公開日:2026年3月3日

飯川雄大の個展「大事なことは何かを見つけたとき」(水戸芸術館 現代美術ギャラリー)レポート。「0人もしくは1人以上」の観客に向けて

作品をほかの個展会場へ運び出すプロジェクトも。会期は2月28日〜5月6日

デコレータークラブ─ピンクの猫の小林さん 2026

過去最大規模の個展で、これまでの実践を包括的に紹介

飯川雄大の個展「大事なことは何かを見つけたとき」が、水戸芸術館 現代美術ギャラリーで開幕した。会期は2月28日から5月6日まで。

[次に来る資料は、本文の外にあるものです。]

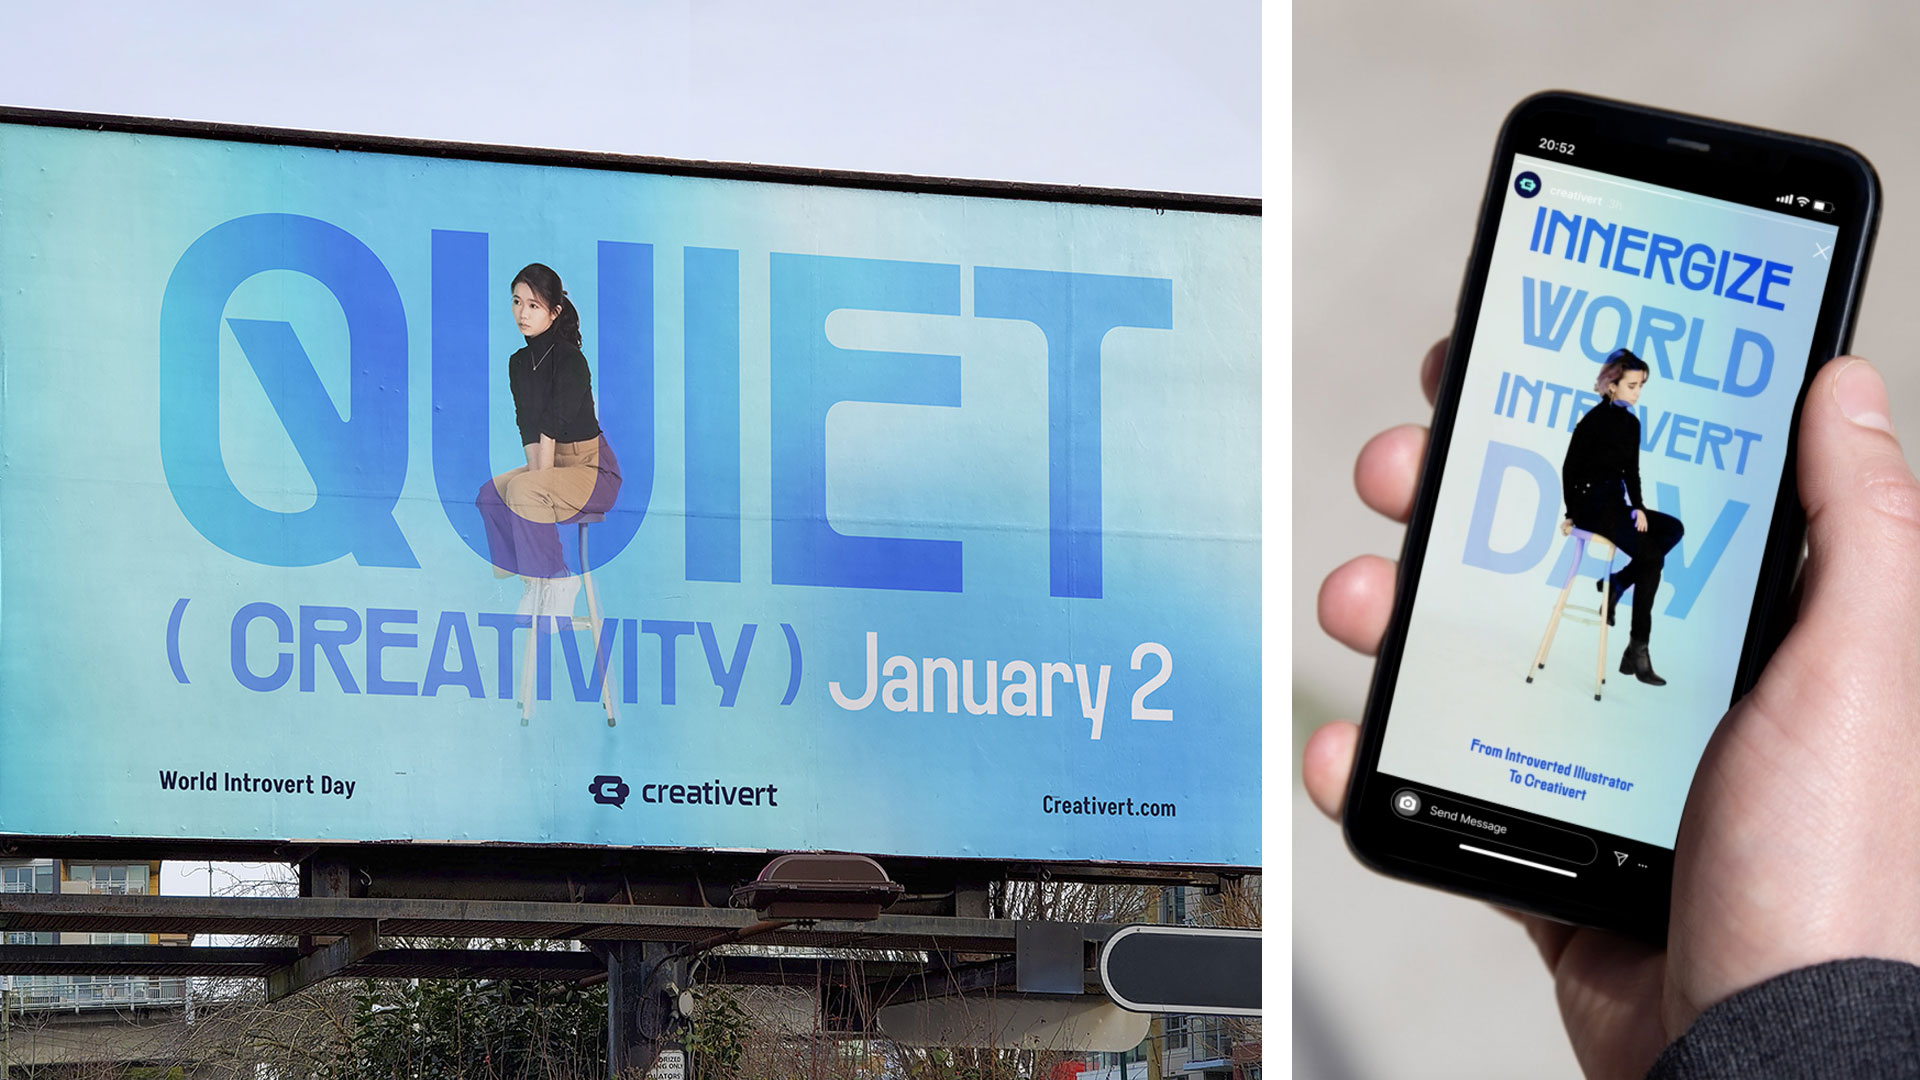 A billboard and social media campaign that empowers introverts to feel confident in their abilities within creative workplaces.

飯川雄大は、時間の相対性や知覚のゆらぎに着目し、身近な風景の注意深い観察を通して、人々の認識の不確かさや、社会で見過ごされがちな存在に光を当てる作品を制作してきたアーティスト。2007年から続く「デコレータークラブ」は、周囲の環境に擬態する蟹の名前に由来し、記録という行為、そしてそこからこぼれ落ちるものへの関心から生まれたシリーズだ。鑑賞者のアクションによって作品が立ち現れたり、鑑賞者から見えない場所で別の出来事が進行したりするなど、介入を契機に新たな風景や予期せぬ出来事が生まれる実践で知られる。

会場風景

作家にとって過去最大規模の個展となる本展では、「デコレータークラブ」の作品を中心に、ドローイングや写真、映像なども交えながら、これまでの多岐にわたる活動を紹介。情報の曖昧さや感覚の不完全さを新たな可能性ととらえ、美術館の建築や空間的特徴を生かした新作も発表される。担当学芸員は同館の畑井恵。

「大事なことは何かを見つけたとき」のタイトルが示す通り、本展では鑑賞者が何かと出会い、発見することそのものを鑑賞体験の核としている。そのため本稿では、鑑賞者のアクションにより何が起きるのかの“ネタバレ”をなるべく避けながら、その見どころを紹介したい。